To measure those standards, the PSSA is made up of various types of assessment items and is developed 
according to a test blueprint indicating the proportion of the assessment measuring each set of standards. PSSA 
assessments include a combination of multiple-choice (MC) and constructed-response (CR) items. The MC items 
are dichotomously scored, and the CR items are scored on a 0-4-point scale using a scoring guideline. All non- 
MC items are scored by independent raters. While Math includes only MC and CR, ELA assessments use several 
types of MC and CR items, including the following: 


e standalone and passage-based MC, which has only one correct answer among four options and is 
dichotomously scored 

evidence-based MC, which allows students to select one or more answers and receive partial credit 
short answer (Grade 3 only) scored on a 0-3-point scale 

text-dependent analysis (Grades 4-8) scored on a 1-4-point scale 

mode-specific writing prompts scored on a 1-4-point scale 


The SC tests consists of standalone and scenario-based (Grade 8 only) MC items, and CR items scored on a 0-2- 
point scale. 


The PSSA reports student-level scale scores and performance-level classifications (Below Basic, Basic, 
Proficient, and Advanced). Scale scores were derived via the Rasch item response theory (IRT) model for each 
grade and content area. Because the scaled scores are not vertically scaled, meaning the scale does not 
translate across grades, they are only interpretable within grade and subject. (The Pennsylvania Value Added 
Assessment System [PVAAS] tracks growth from year to year.) This study will focus on scale scores within grade 
and performance-level classifications. 


Sample 


This study was conducted on a convenient sample of students from 24 schools (14 elementary schools, four 
middle schools, three high schools, and three alternative schools) from the Allentown, PA, school district that 
were Study Island partners during the academic year of 2016-2017 (AY16-17). The district provided student-level 
PSSA data from the previous two years’ administrations (Spring 2016 and Spring 2017) and demographic 
information for this study. The data were then matched to Study Island Practice and Benchmark data via unique 
student identifiers. For this study, while high school students in the district used Study Island Practice to practice 
skills aligned to Pennsylvania high school Keystone end-of-course exams, the sample was restricted to 
elementary and middle school students who are required by the state to take the PSSA. 

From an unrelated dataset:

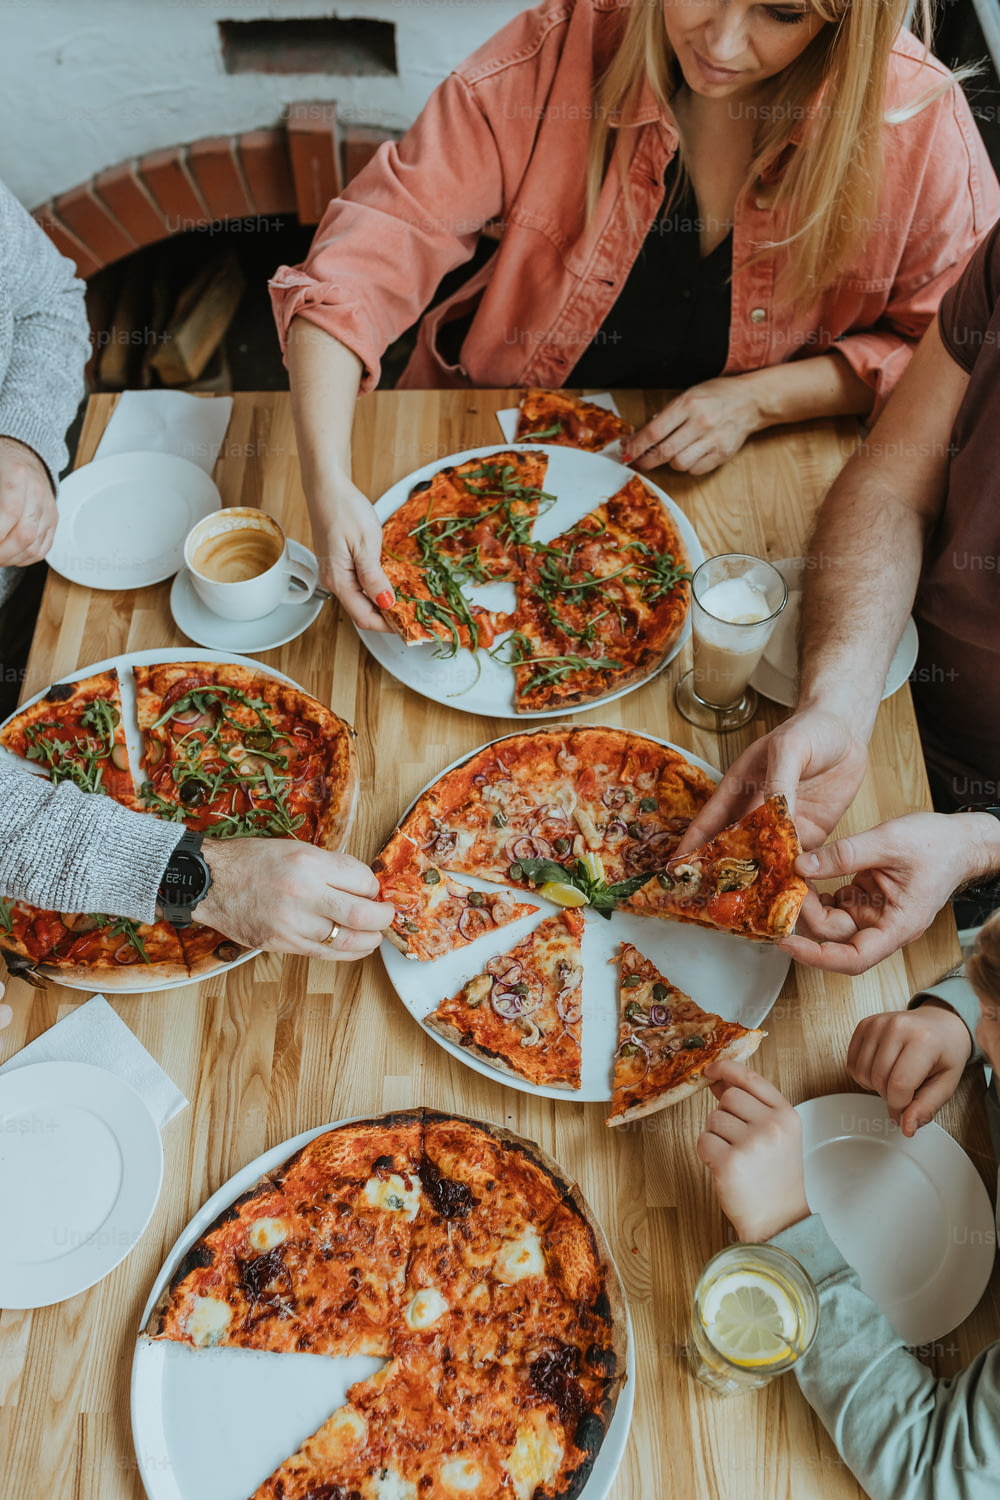 un groupe de personnes assises autour d’une table avec une pizza

To evaluate just how much the district is using Study Island, “usage” is defined in terms of two participatory 
factors: Study Island Benchmarks (or Benchmarks) and Study Island Practice (or Practice). 


Benchmarks offer four fixed-form formative assessments per subject, per grade level, aligned to state-specific and 
Common Core standards. These assessments are typically 30 to 40 items long and are designed to be taken 
periodically throughout the school year. Each Benchmark is built following the blueprint for the state summative 
test. Because of the close alignment between state tests and Benchmarks, the results of each Benchmark test 
should provide teachers with some indication of how prepared students could be for their state tests.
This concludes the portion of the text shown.